In exploratory logistic regression analyses, missing BMI values were significantly associated with hypoglycaemia. Compared with children with BMI at or above the median, children with missing BMI had higher odds of hypoglycaemia (OR 2.67, 95% CI 1.66–4.29, p < 0.001). Similarly, children with BMI below the median also had increased odds of hypoglycaemia compared with those with BMI at or above the median (OR 2.37, 95% CI 1.49–3.76, p < 0.001). These findings are consistent with the observed prevalence data and indicate that missing BMI values cluster in children with a risk profile similar to that of lower BMI.

Association of hypoglycaemia with dehydration and vomiting

Individuals with hypoglycaemia had a higher degree of dehydration (used as ordinary numeric variable: mild = 1, moderate = 2, severe = 3) (p < 0.001) and less frequently diarrhoea (p < 0.001) compared with the non-hypoglycaemic group. The presence of fever did not significantly differ between the hypoglycaemic and non-hypoglycaemic groups (Table 1).

For further analyses of vomiting and starvation, participants were divided into group 1 (decreased oral intake), and group 2 (no oral intake).

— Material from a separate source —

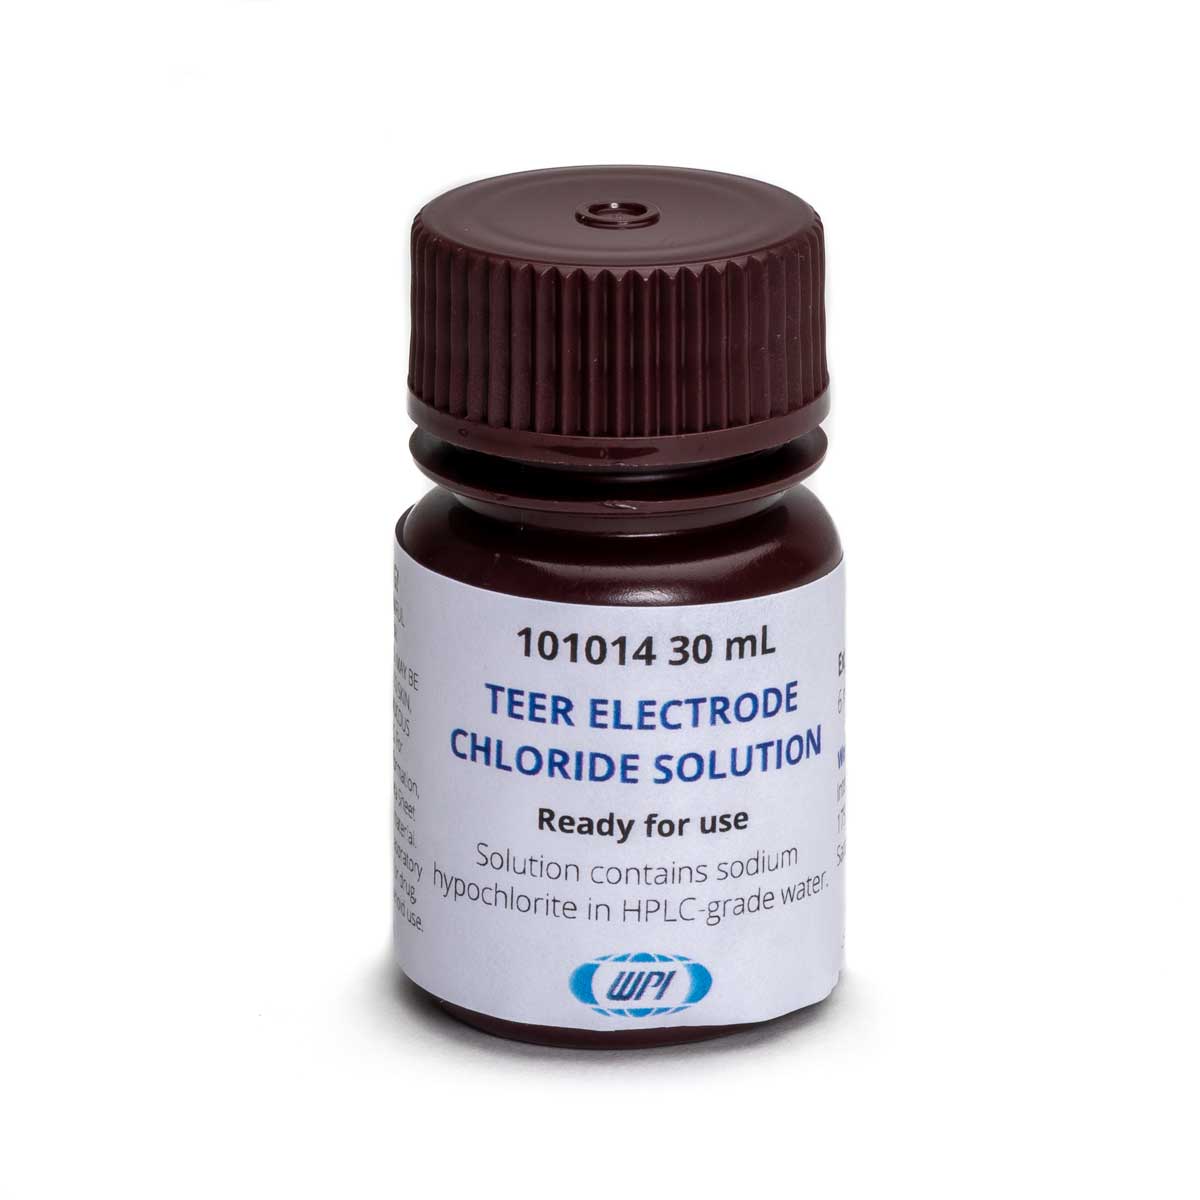 TEER Electrode Chloride Solution

In group 1, significant differences in the number of vomiting episodes (p < 0.001) and duration of vomiting were found between hypoglycaemic and non-hypoglycaemic children (p < 0.001) (Table 1). In group 2, hypoglycaemic children had longer duration of vomiting compared with the non-hypoglycaemic group (p < 0.001) (Table 1).

Association of hypoglycaemia with biochemical parameters

Hypoglycaemia was associated with more severe metabolic acidosis: hypoglycaemic individuals had lower pH, pCO2, base excess and HCO₃^- capillary blood levels compared with the non-hypoglycaemic group (Table 2). Individuals with hypoglycaemia also had a higher anion gap, lower serum concentrations of sodium, potassium and chloride, and also lower urine pH and higher urine specific gravity compared with the non-hypoglycaemic group (p < 0.001) (Table 2).

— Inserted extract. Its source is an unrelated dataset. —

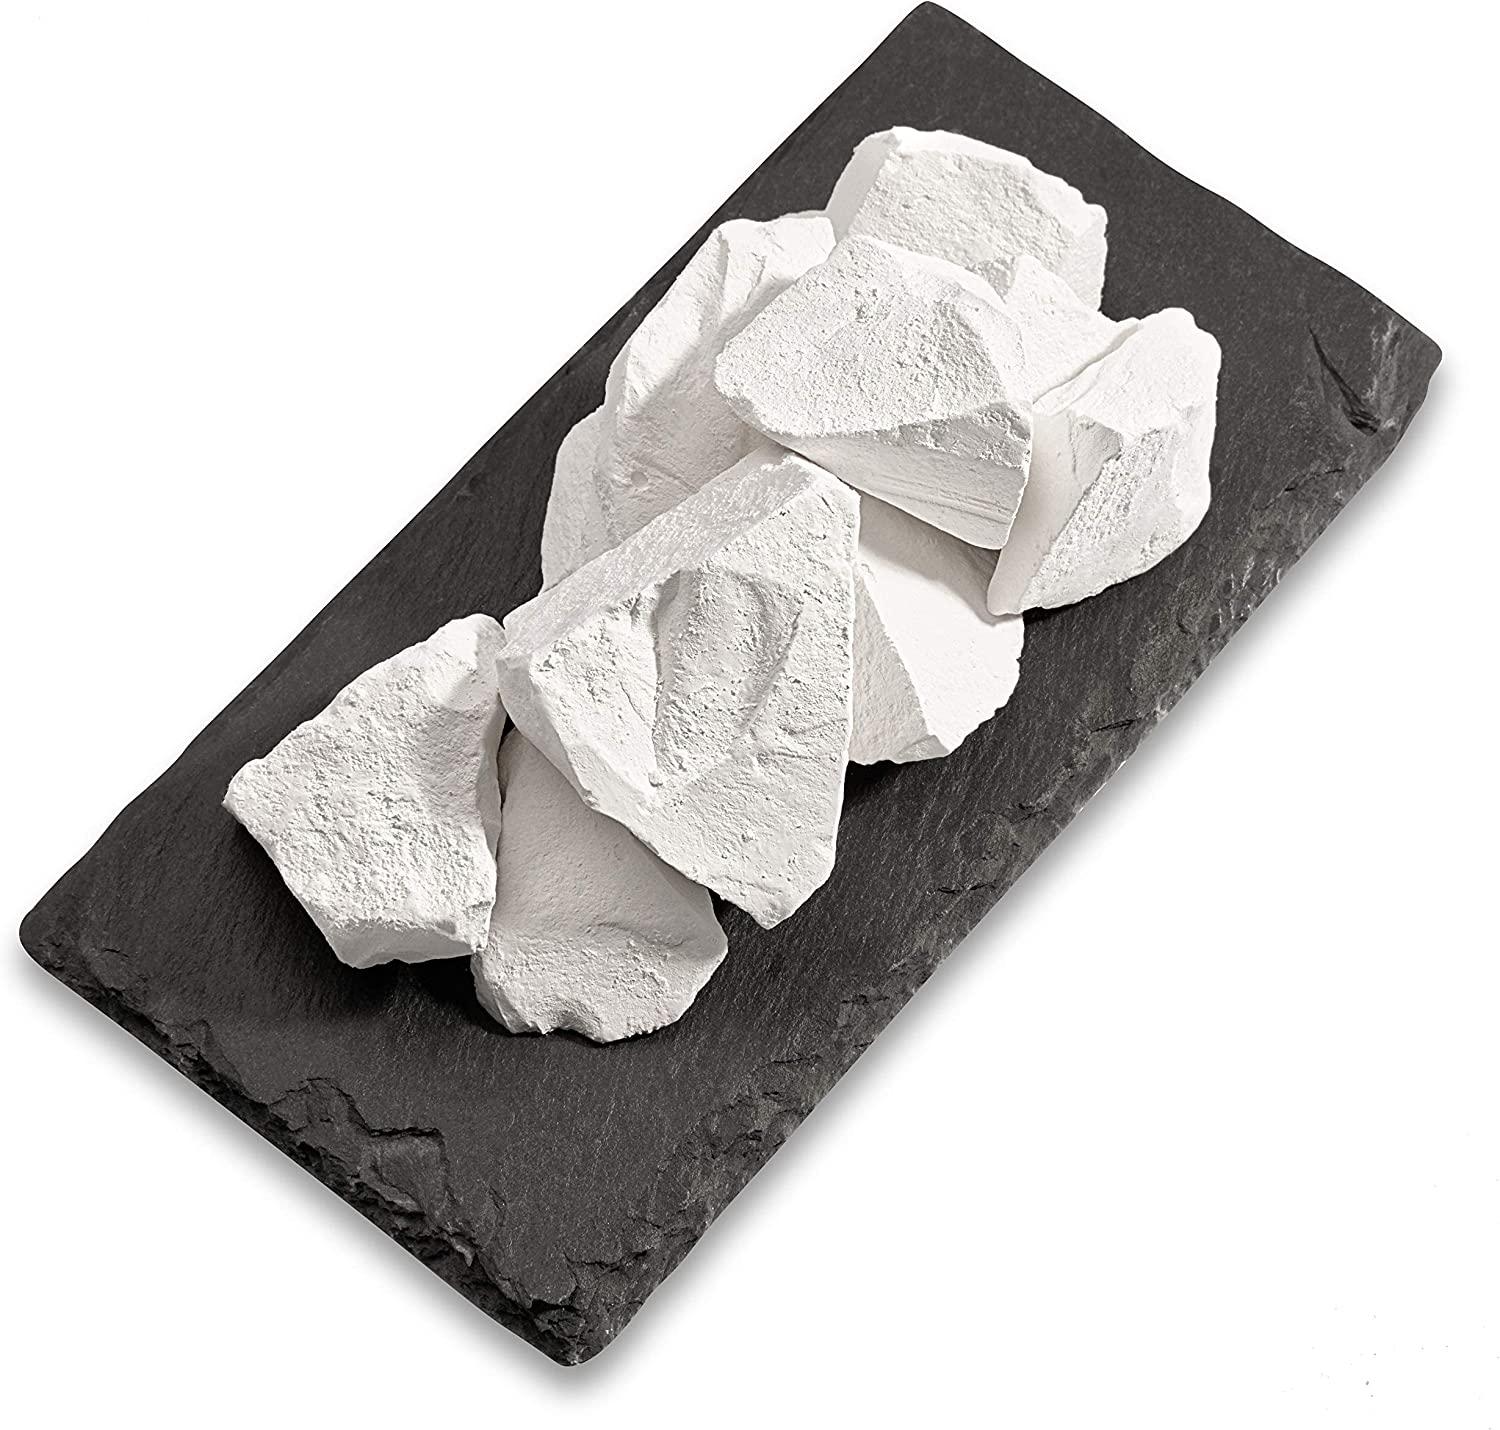 White Edible Clay Chunks Natural for Eating, Edible Qatar

In the serum measurements the hypoglycaemic group had higher concentrations of urea, uric acid, and creatinine (p < 0.001), and also higher concentrations of beta hydroxybutyrate serum levels (p = 0.015) (Table 2).

Factors associated with hypoglycaemia in children with dehydration

We divided the variables into two groups, i.e., 1. age and anthropometric data, and 2. historical factors, such as dehydration, fasting and vomiting. Logistic regression with hypoglycaemia as the dependent variable was performed first in each group separately and then in both groups together. Laboratory factors were not included in the analyses, as they are usually examined in parallel with glycaemia.

In the forward stepwise logistic regression with sex and anthropometric data (BMI, BMI-SDS), a significant association with hypoglycaemia was found for low BMI and low BMI-SDS values (p < 0.001) (Table 3, Model 1).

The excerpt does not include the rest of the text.